Perhaps that fear, more than anything else, is what drives me to become a vet. Not just curiosity. Not just love. I want to learn and be trained so that when I see an animal suffer, I don’t freeze. So I can do something to end its suffering; either help heal it, or help it leave pain behind with more peace than that kitten in the alley had.
“It’s time,” it says. “That being’s life and death belongs to me, not yours to carry.”
I know this is something I will struggle with, and will have to make peace with at some point. Because sometimes, even when you have given everything you have, even when you have tried your absolute f*cking best—you still can’t save them. And that’s just the universe moving in its wondrous, mysterious way. “It’s time,” it says. “That being’s life and death belongs to me, not yours to carry.”

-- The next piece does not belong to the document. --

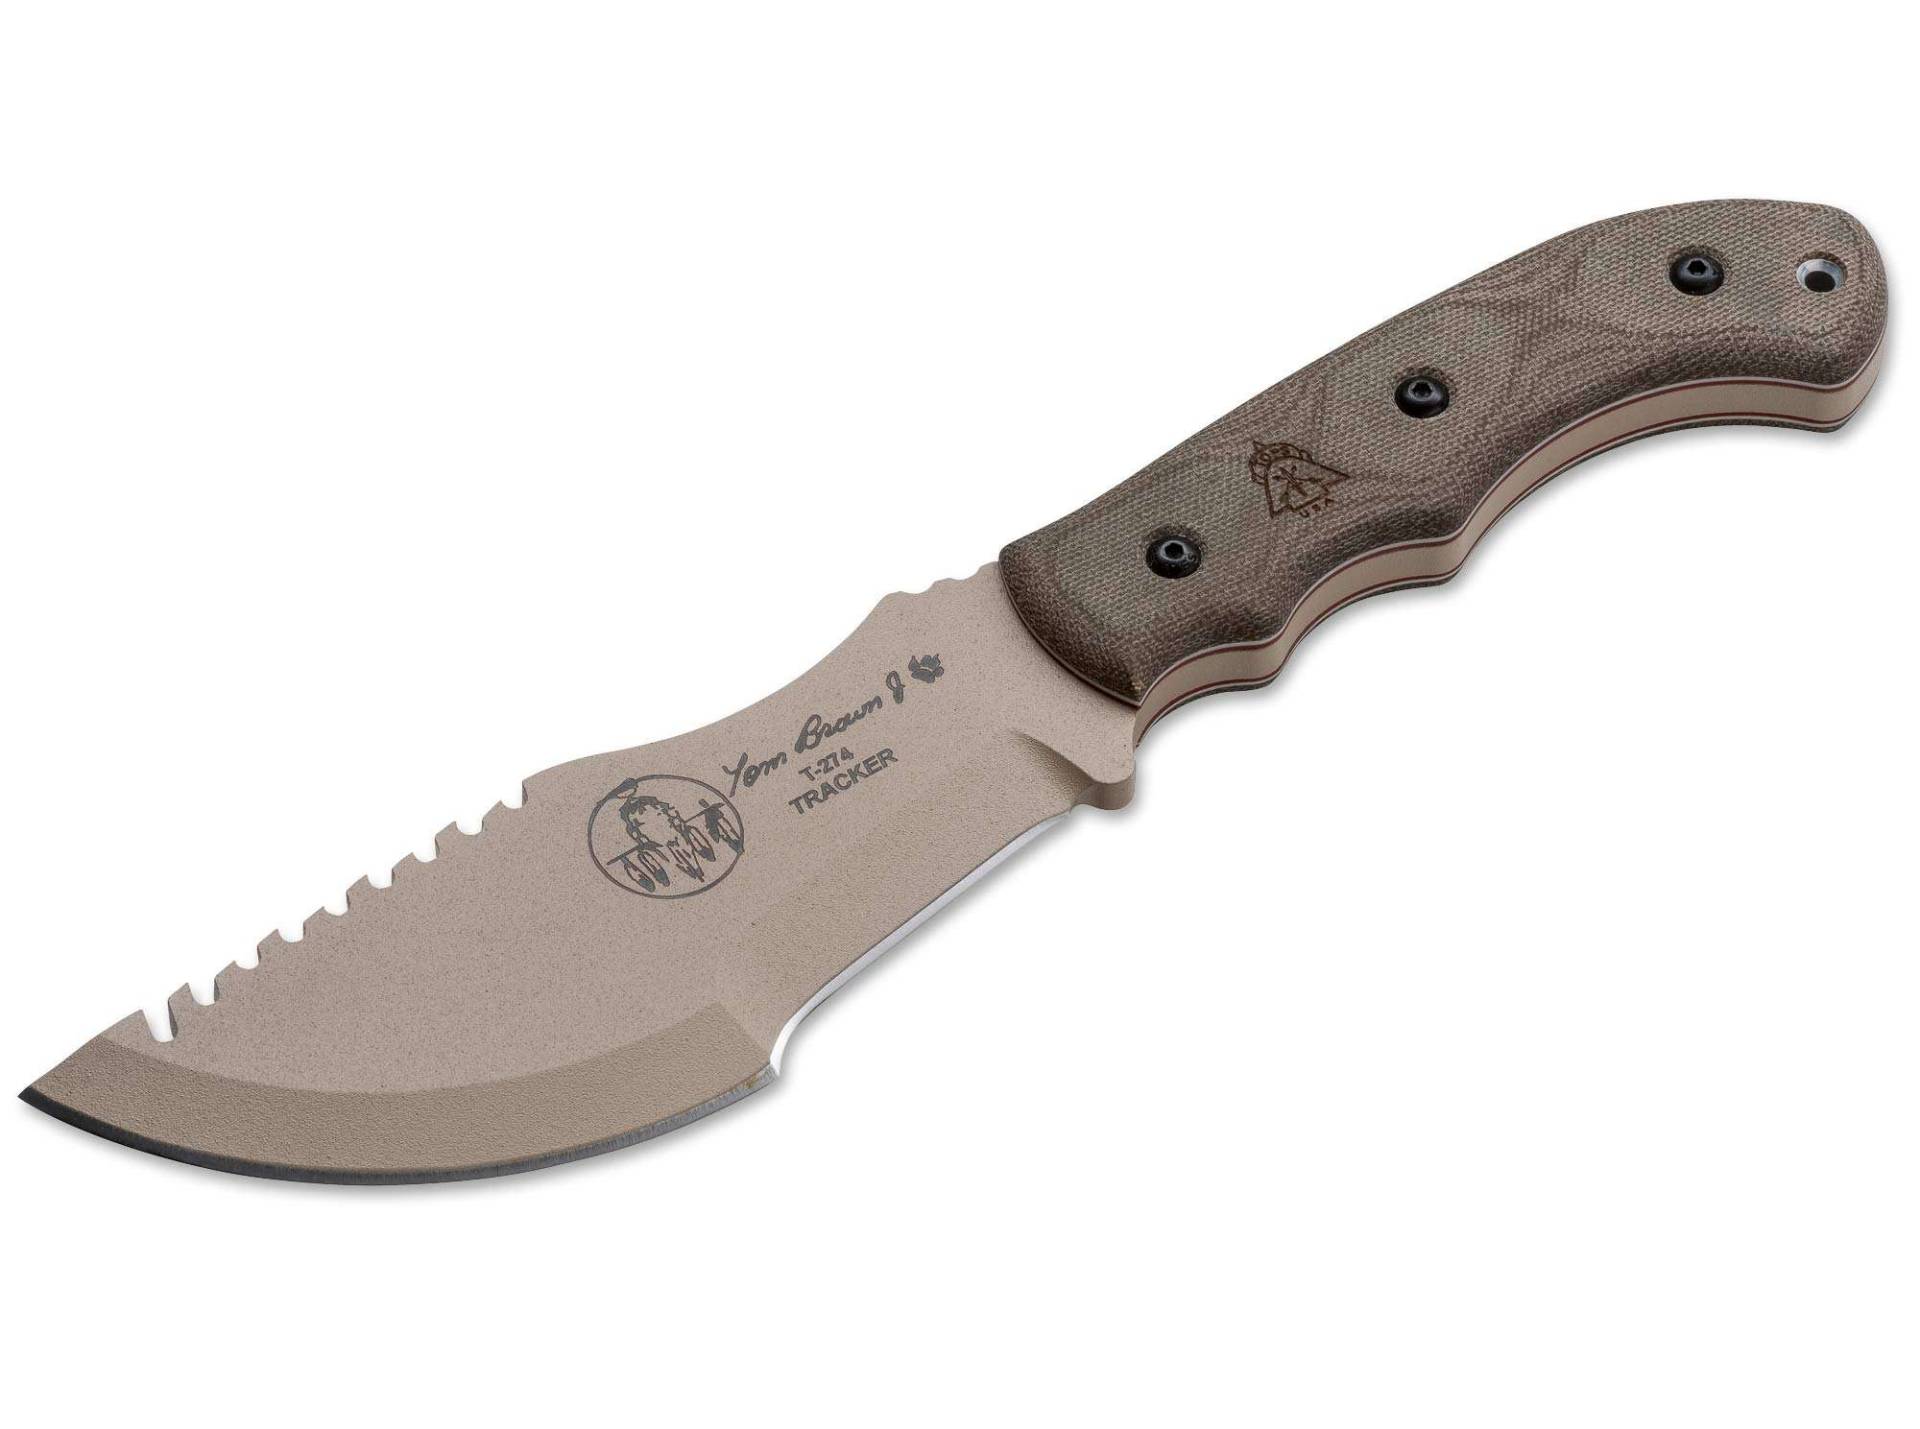 Tom Brown Tracker Tan Outdoor Messer von Tops Knives
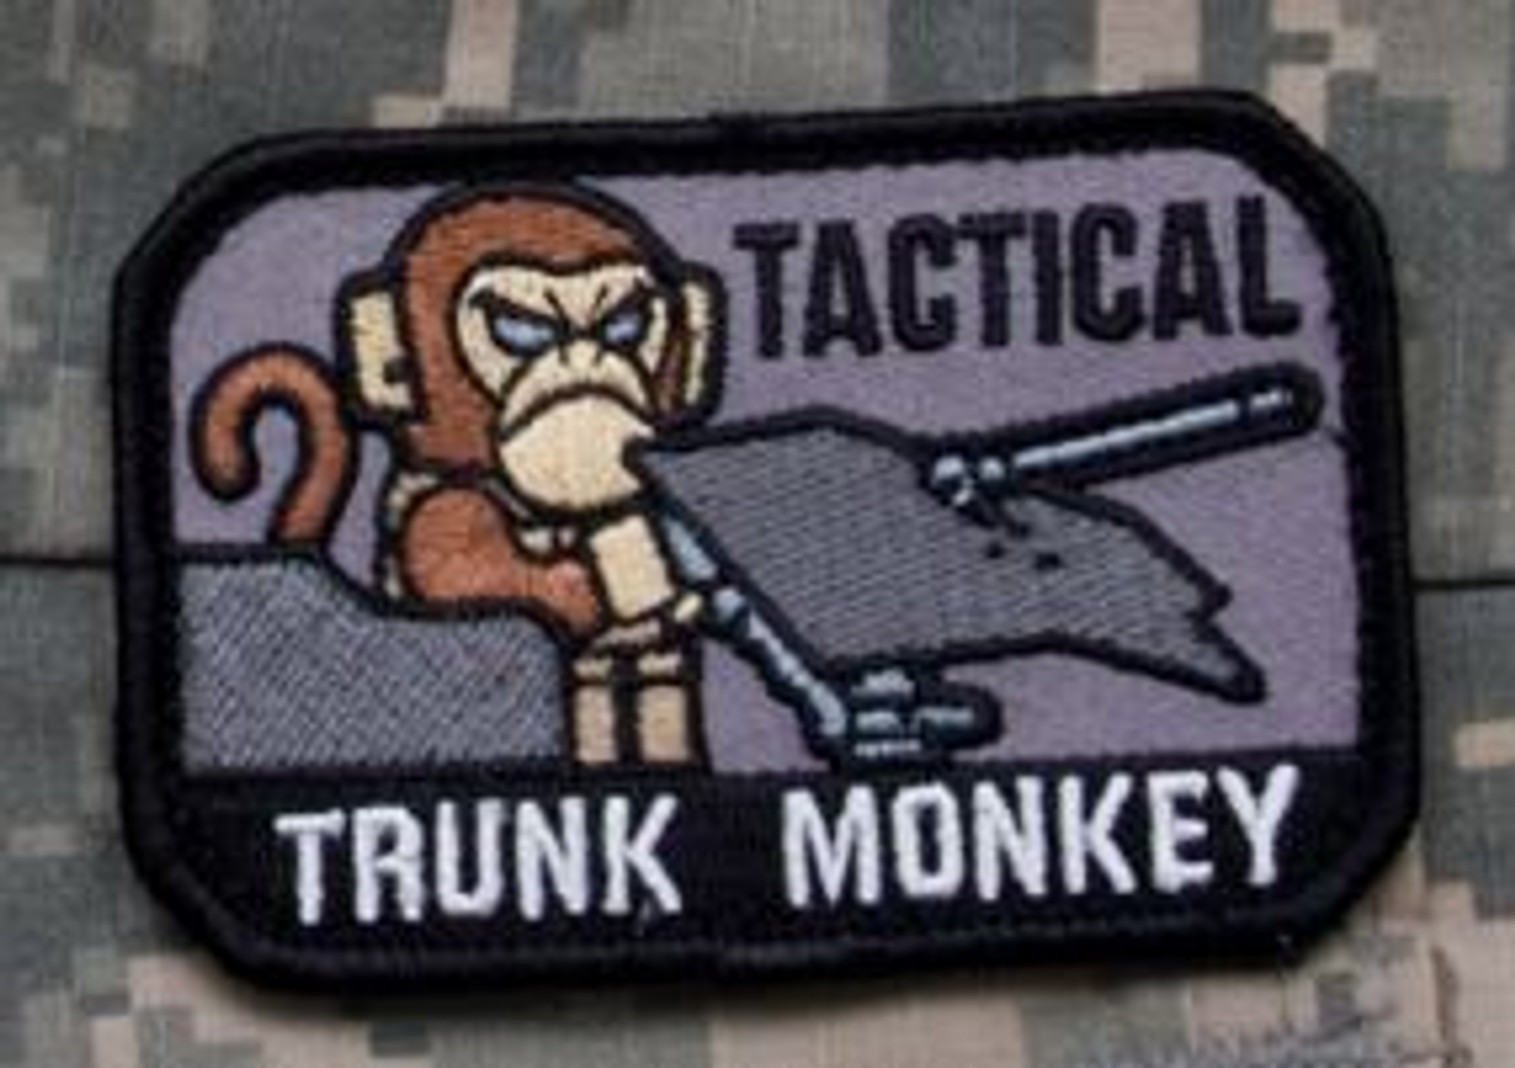 Mil-Spec Monkey Patch - Tactical Trunk Monkey

Is that a healthy mindset, or just a coping mechanism? I honestly don’t know.
Cancer isn’t solved yet. Neither is human ego, nor our stubborn inability to let go of what we cannot control. But I need to keep reminding myself: I’m here to help in the best way I can, not to rewrite the fate already written in the stars.




Beautiful article, thank you for sharing. Squirrel-watching is also a passtime for my family, despite the fact they steal all the bird food!
this made me cry. i know you will be a great vet and save so many innocent souls. more power to you!